Serverless Functions#

For serverless environments (AWS Lambda), you can skip init() and use load() directly:

handler.py

from config.redenv import redenv

async def handler(event, context):
    # First call fetches from Redis, subsequent calls use cache
    secrets = await redenv.load()

    secrets.require("API_KEY")
    return {"statusCode": 200, "body": "ok"}

handler.py

from config.redenv import redenv

def handler(event, context):
    # First call fetches from Redis, subsequent calls use cache
    secrets = redenv.load()

    secrets.require("API_KEY")
    return {"statusCode": 200, "body": "ok"}

Info

In serverless, load() handles both initialization and access.
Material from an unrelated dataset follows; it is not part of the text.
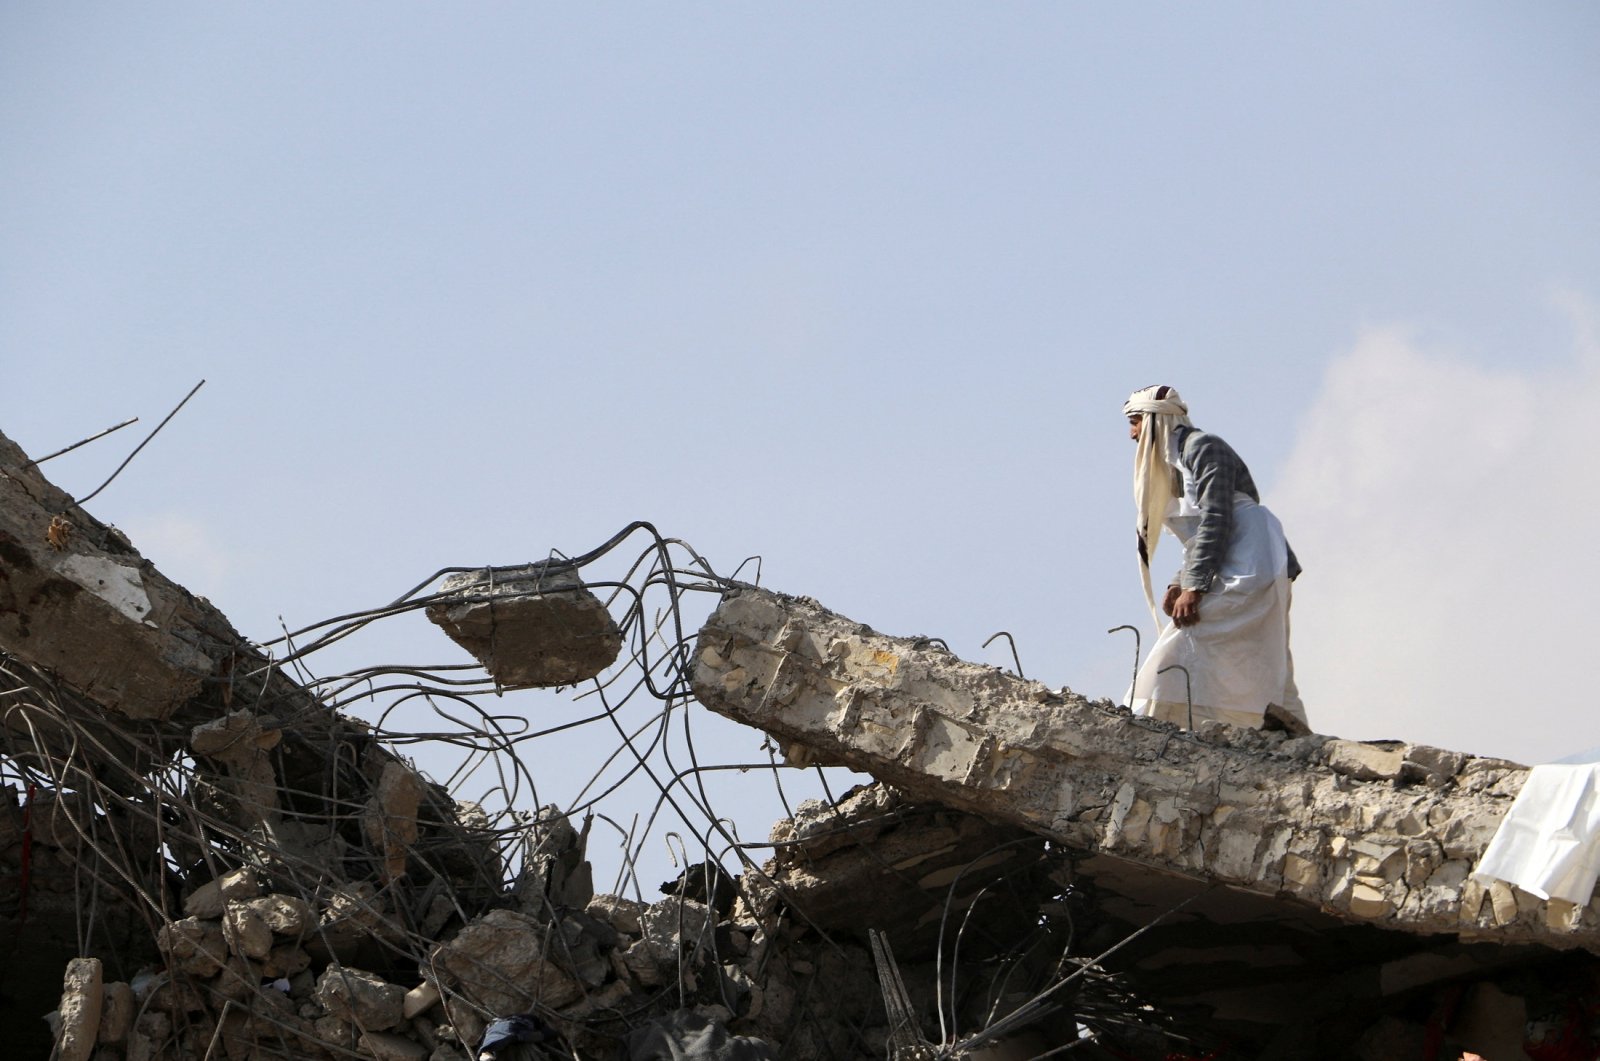 A man walks on the collapsed roof of a detention center hit by air strikes in Saada, Yemen, Jan. 21, 2022. (Reuters Photo)
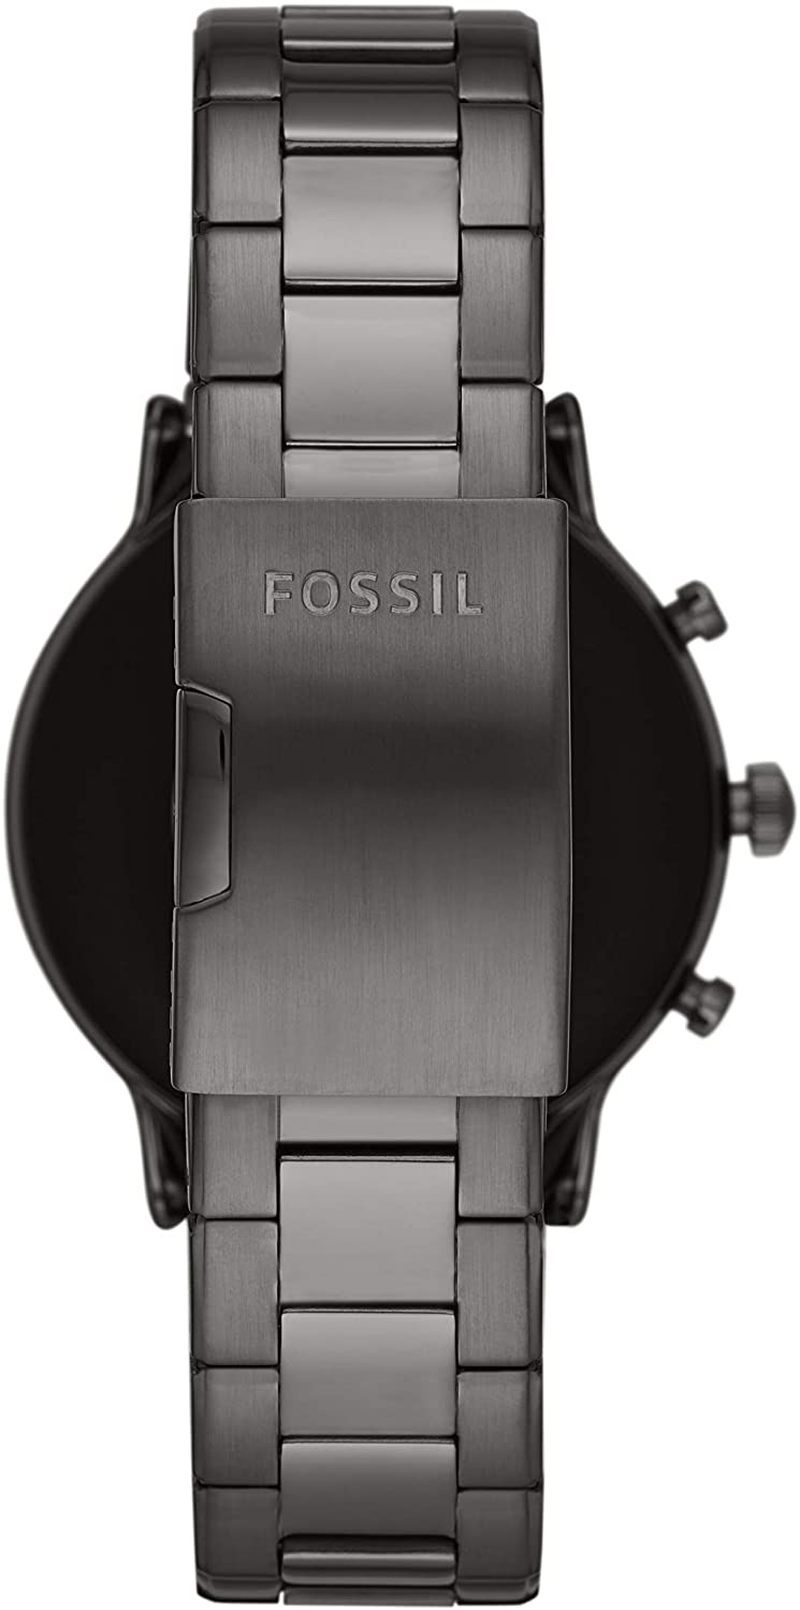 Fossil Gen 5 Carlyle Stainless Steel Touchscreen Smartwatch with Speaker, Heart Rate, GPS, Contactless Payments, and Smartphone Notifications Apparel & Accessories > Jewelry > Watches Fossil

The first invocation warms the cache; subsequent calls in the same instance are instant.

Environment Population#

By default, both init() and load() populate os.environ:

import os

secrets = redenv.load()  # or await redenv.load()

# These are equivalent:
secrets["API_KEY"] == os.environ["API_KEY"]  # True

Controlling Override Behavior#

config/redenv.py

redenv = Redenv({
    # ...
    "env": {
        "override": False,  # Preserve existing env vars (useful for local .env overrides)
    },
})

Multiple Environments#

config/redenv.py

import os
from redenv import Redenv

base_options = {
    "project": os.environ["REDENV_PROJECT"],
    "token_id": os.environ["REDENV_TOKEN_ID"],
    "token": os.environ["REDENV_TOKEN_KEY"],
    "upstash": {
        "url": os.environ["UPSTASH_REDIS_URL"],
        "token": os.environ["UPSTASH_REDIS_TOKEN"],
    },
}

prod_secrets = Redenv({
    **base_options,
    "environment": "production",
})

staging_secrets = Redenv({
    **base_options,
    "environment": "staging",
})

Warning

Multiple environments will both try to populate os.environ. Use env: { "override": False } or rely solely on programmatic access.